Hildr finì di allacciarsi la giacca e si legò i capelli in una treccia semplice, poi indossò la pelliccia.
“Ivar, svegliati.” Disse, tirando un colpetto al fianco del ragazzo.
“Perché sei vestita?”
Ivar si mise seduto e si stropicciò gli occhi per scacciare il sonno. Dormire su un sacco di iuta e sulle assi di legno umide era diventato un incubo. Aveva i muscoli delle braccia intorpiditi e aveva anche torcicollo.
“Perché a momenti attracchiamo. Le tue gambe sono peggiorate e hai bisogno della gramigna. Forse al mercato ricavo qualcosa.”
La notte precedente un osso delle gambe si era spezzato procurandogli un dolore lancinante. La pelle era rossa e gonfia. Ivar aveva passato la notte a farsi cullare da Hildr per non pensare alla sofferenza.
“Stai attenta, ti prego.”
Hildr prese l’ascia e l’appese alla cintola, recuperò anche l’arco e le poche frecce che erano rimaste nella faretra.
“Ci vediamo dopo.”
Ivar la vide lasciare l’imbarcazione con una terribile sensazione di sciagura. Da quando Isobel e Aila erano partite per il Wessex, Hildr era taciturna e spesso si isolava. Quel vagabondare stava mettendo a dura prova il loro rapporto, sia l’amicizia sia l’amore, e Ivar temeva che un giorno la ragazza sarebbe scesa a terra senza fare mai più ritorno.
 
# Ivar intagliava il legno mentre Hildr ne levigava la superficie. Floki li aveva chiamati poche ore prima perché i ragazzi lo aiutassero a lavorare alla nuova imbarcazione. Ragnar ne aveva ordinato la costruzione dal momento che doveva recarsi in Wessex per aiutare la regina di Mercia, pertanto era necessario lavorare bene e in fretta.

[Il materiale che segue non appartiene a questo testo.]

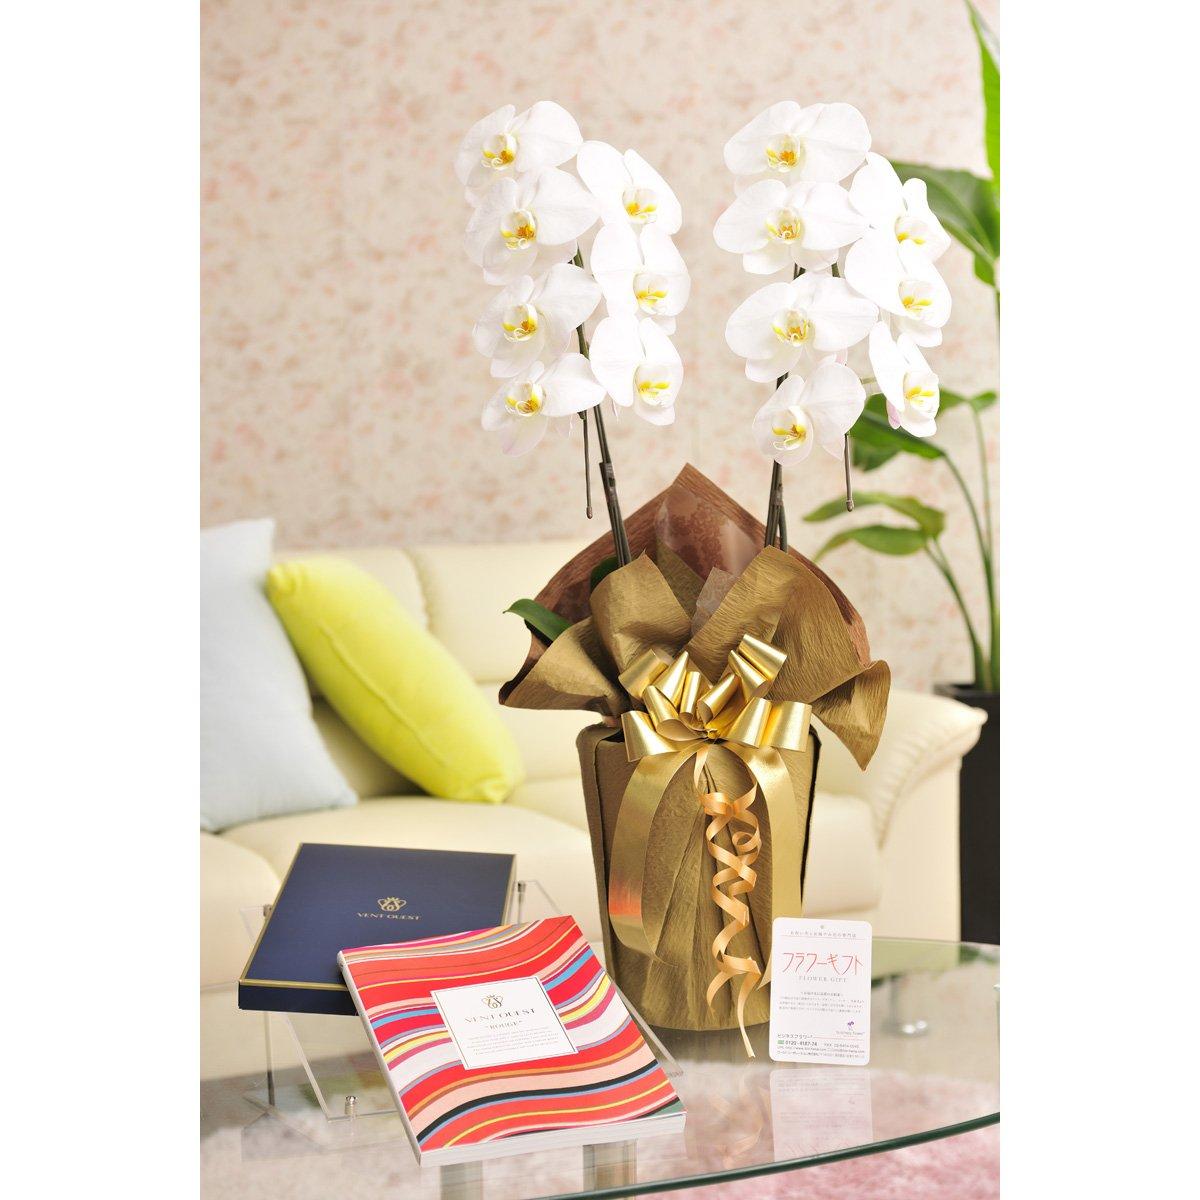 花とギフトのセット 胡蝶蘭 大輪2本立とカタログギフト(ヴァンウェスト/ルージュ) B07DT9J4QH
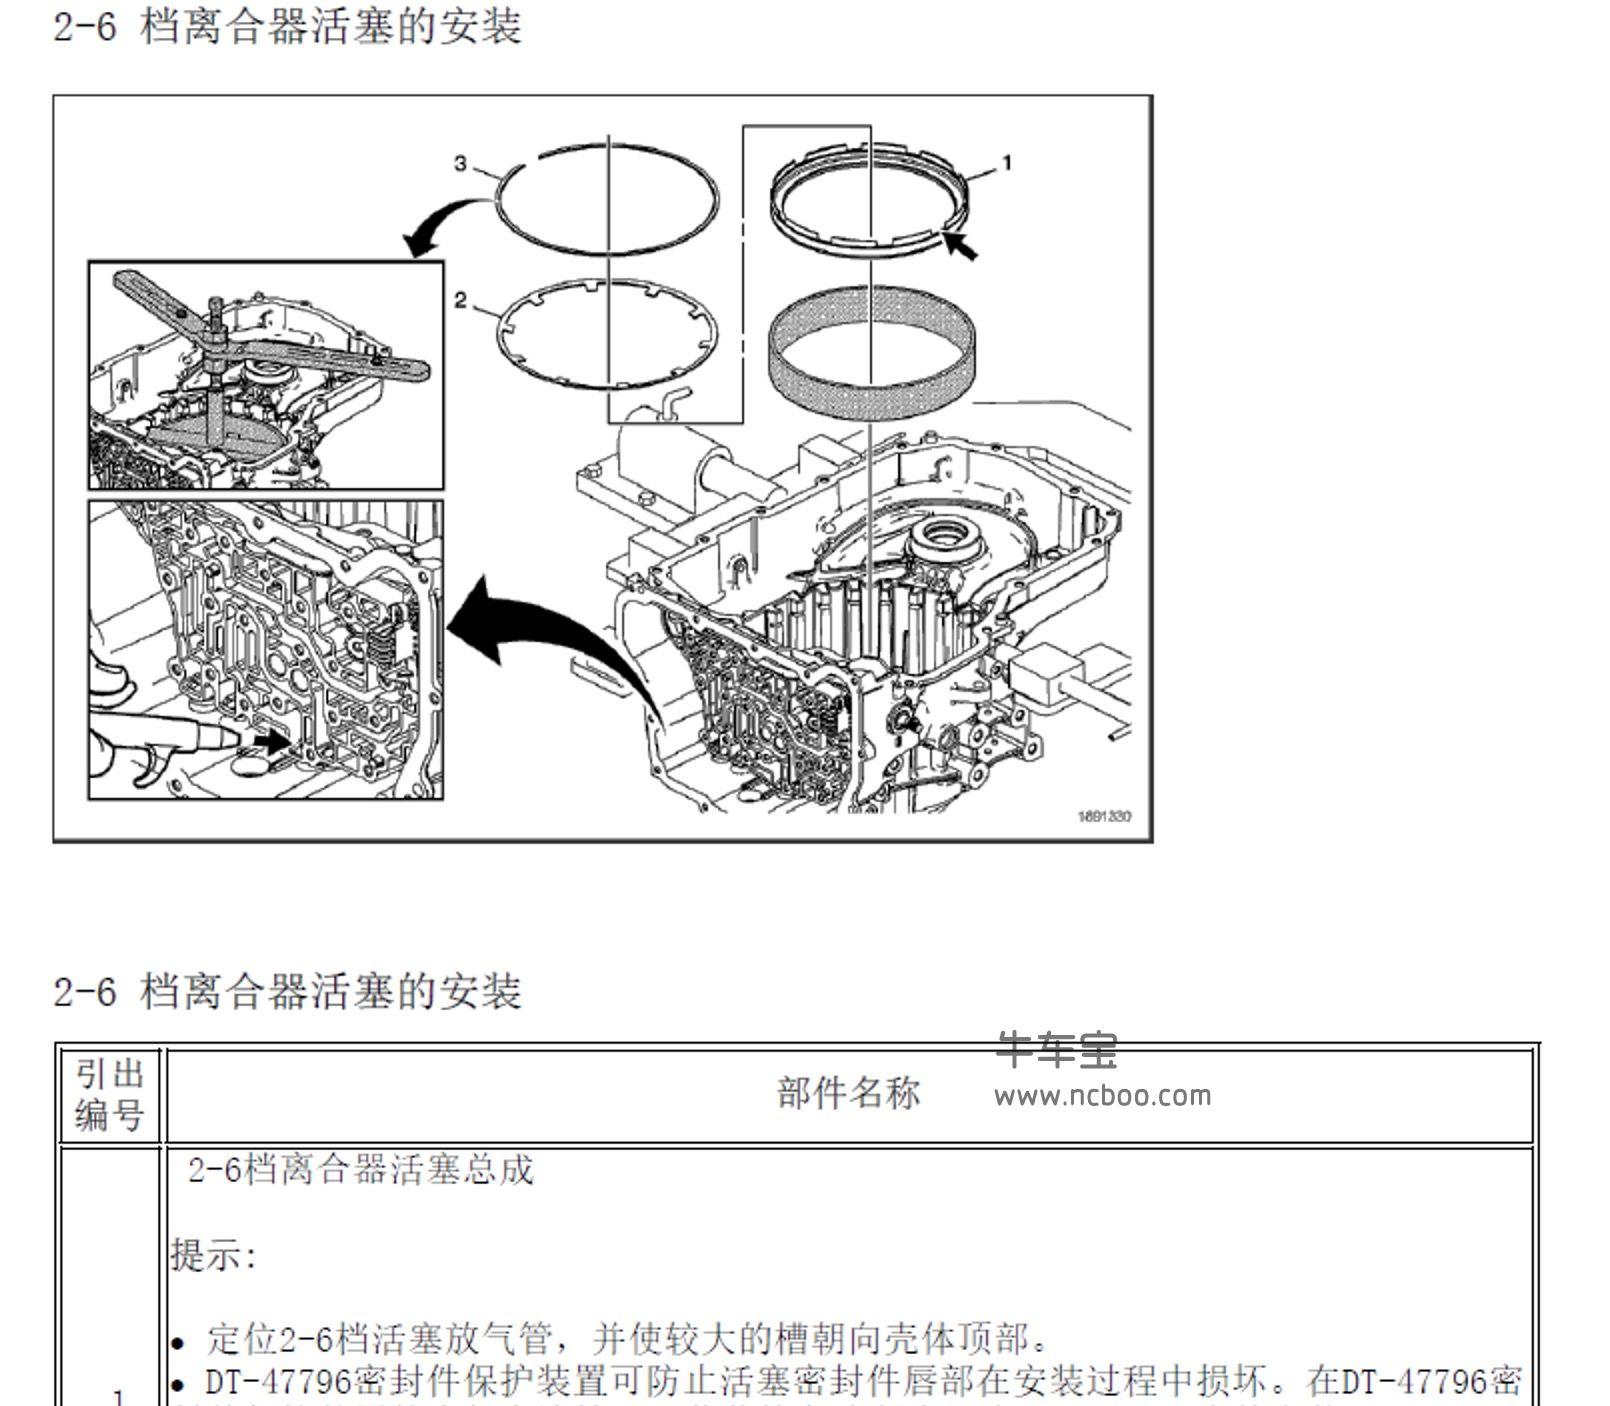 2012-2013款别克GL8(豪华)原厂维修手册和电路图下载

“Cosa sono quei musi lunghi, ragazzi?” chiese Floki controllando il sacchetto dei chiodi.
“Abbiamo fame.” Si lamentò Ivar.
“Sì. – confermò Hildr – Zio, hai intenzione di tenerci qui fino all’alba? Stasera la regina Aslaug ha organizzato una festa e noi vorremmo andarci.”
Floki lanciò un’occhiata divertita alla nipote e ridacchiò, era una bambina piuttosto autoritaria per avere solo dieci anni.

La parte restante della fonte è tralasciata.